As it got darker, the concrete roof and walls of the landing in which she had set her campfire made a warm square in the surrounding darkness, but all that did was make me feel the chill of the evening coming in. It was colder than it had been, and you didn’t have to have a dog’s nose to smell the rain in the air. Jip walked up the steps and looked at her. She ignored him. He sat down and barked at her. She might as well have been deaf for all the attention she paid him.
She gave me no food, no water and just left me sitting against the seat frames. I tried sawing the wire against the old metal stanchions, but it was too painful and, from what I could feel with my fingers, all I was doing was cleaning the corrosion off them, taking it back to the smooth metal beneath. The wire seemed no closer to breaking and I stopped. If anything was going to get sawed through, it was my wrists. I had no choice but to sit it out. Literally sit, because she didn’t bring me my bedroll or allow me to lie down.

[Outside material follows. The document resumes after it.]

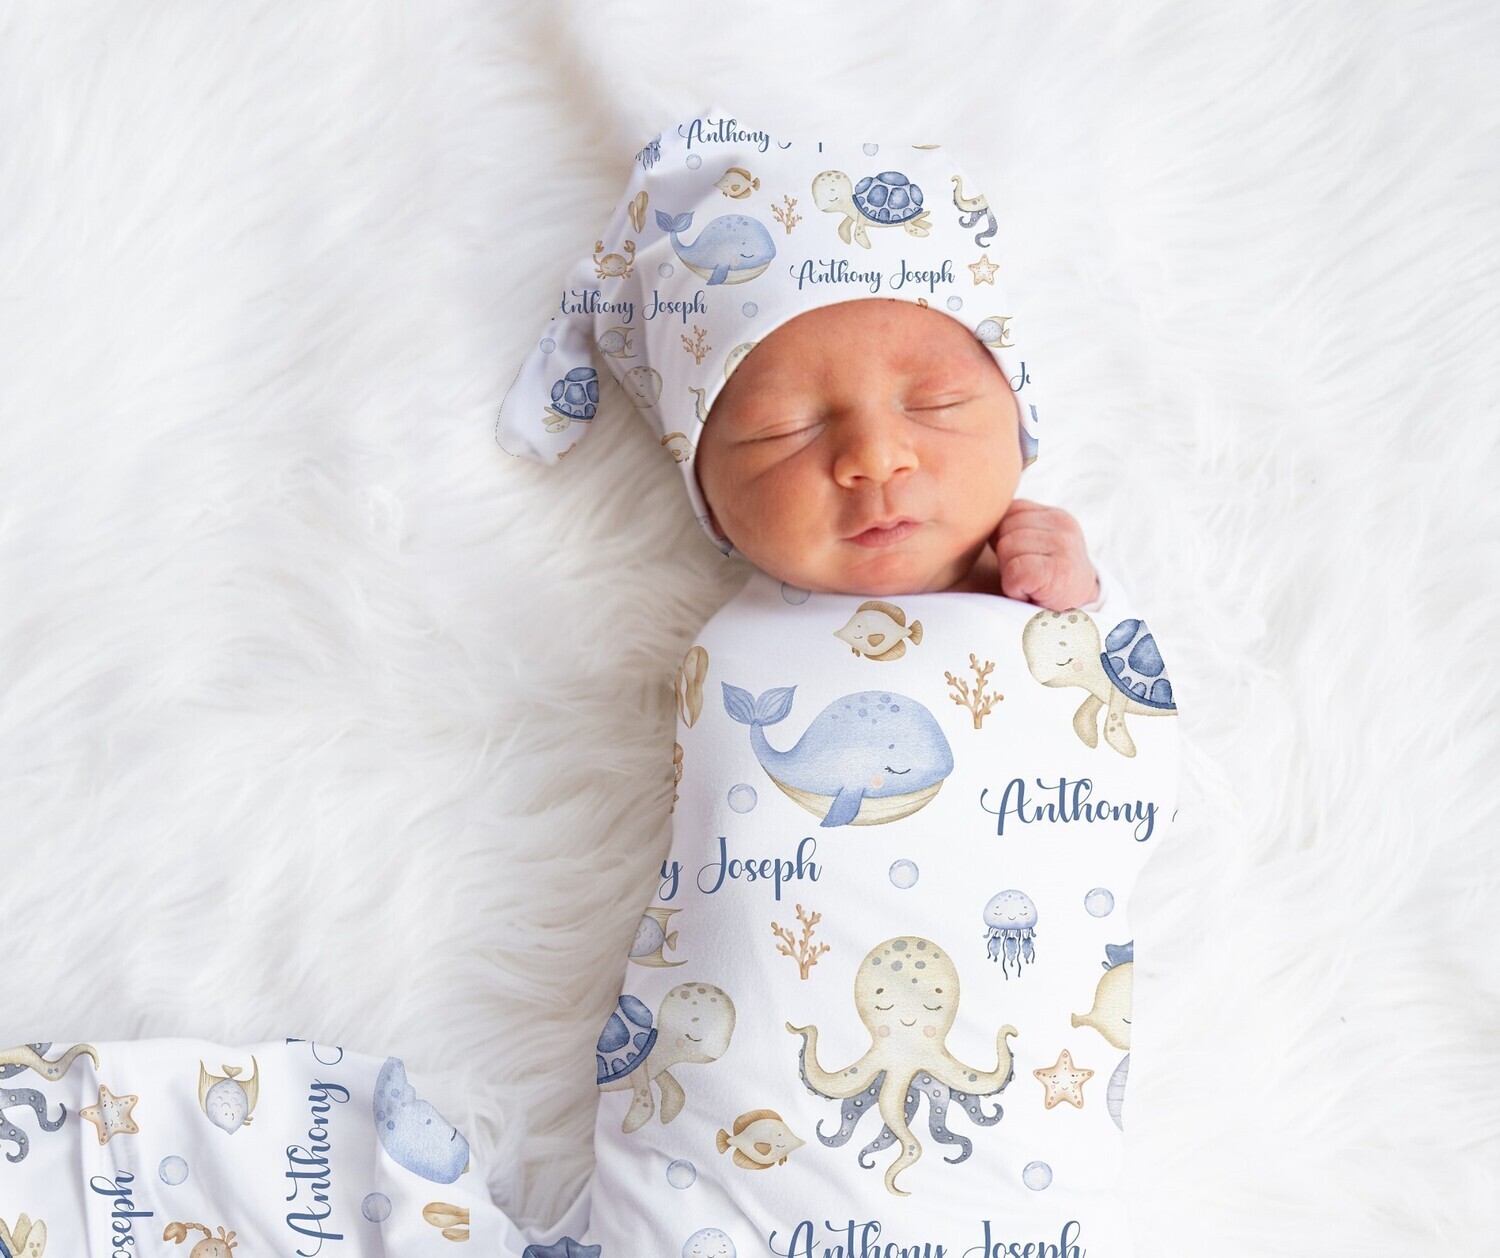 Under The Sea Creatures Personalized Baby Boy Swaddle Blanket Newborn Swaddle Blanket Knotted Baby Cap Headband Baby Gift Hospital Photo Newborn Photo Newborn Blanket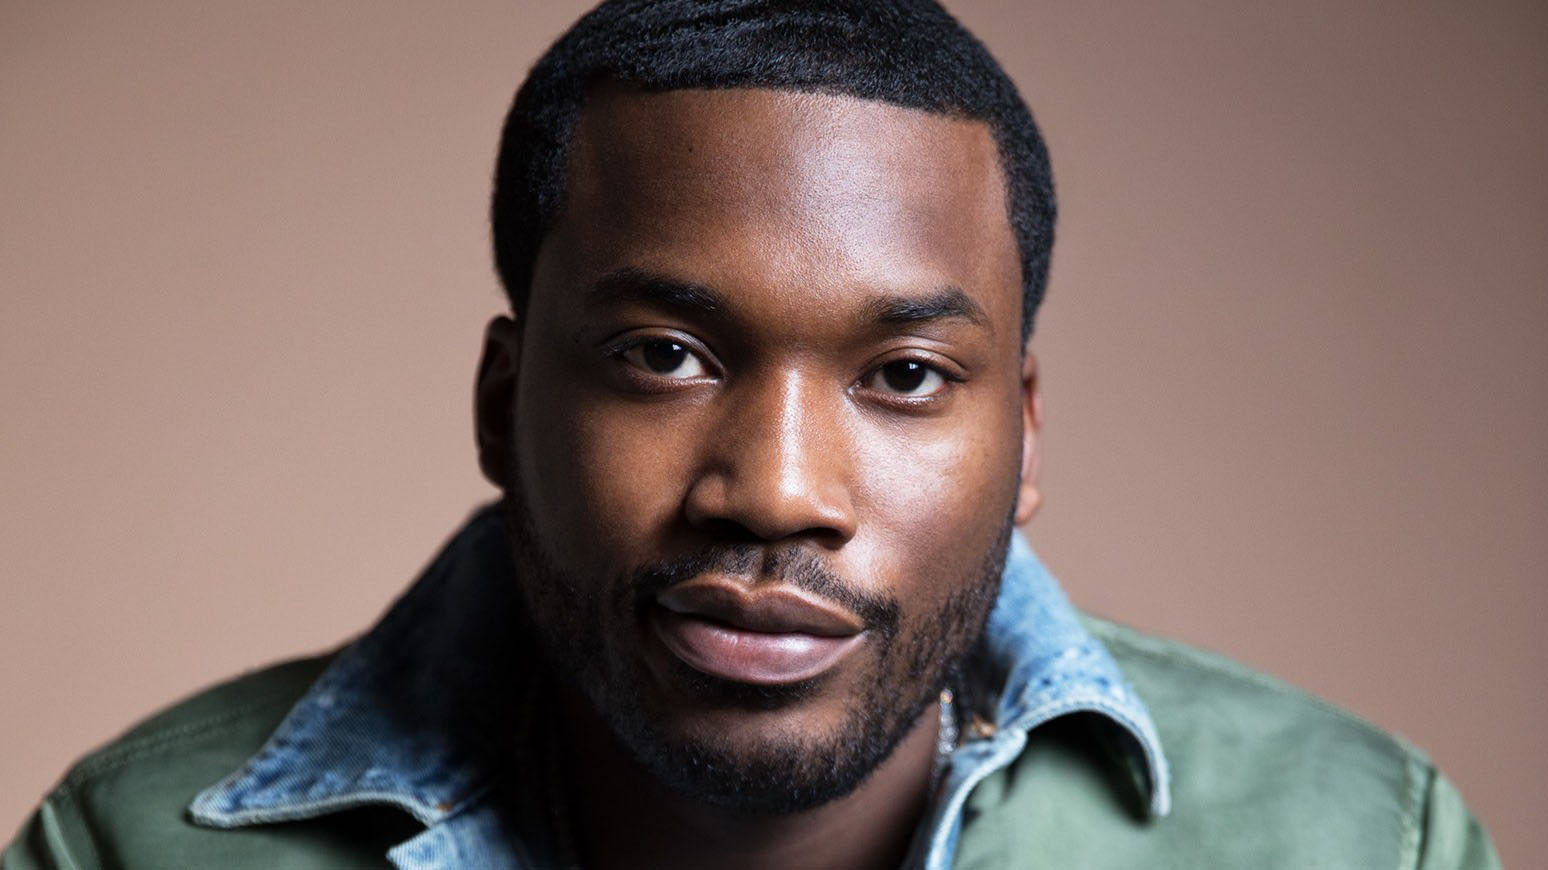 Robert Rihmeek Williams (born May 6, 1987), known professionally as Meek Mill, is an American rapper, songwriter, and activist. Born and raised in Phi...

I’ve spent uncomf
ortable nights in strange places, and can sleep almost anywhere if I’m tired enough, but that started out as the worst night of all. Then things went downhill. And then—with the visitors—they fell off a cliff.
To begin with there was the physical discomfort. The longer I sat, the less of me there seemed to be to provide some kind of padding between the cold concrete and my bones. Then there was the awkwardness of sitting with my hands behind me. It made my shoulders and my neck ache, and it made my arms numb. I kept wiggling my fingers to make sure I wasn’t losing circulation. The least uncomfortable position was to let my head lean back until it rested on the plastic seat bottom, which left me staring up into the night sky, but did rest my neck a little.
It didn’t rest my brain though, and it was that as much as the physical discomfort that kept me awake. I tried to keep it calm, but I had no luck with that. It raced away, whirling furiously round and round like a windmill in a high wind. I kept replaying everything that had happened since I encountered John Dark. I had thought we had a sort of trust between us. She had certainly helped me—rescued me even—and I in turn had helped her with her wound. I had imagined we had also found a way to understand each other with our miming and pointing at words in the dictionary.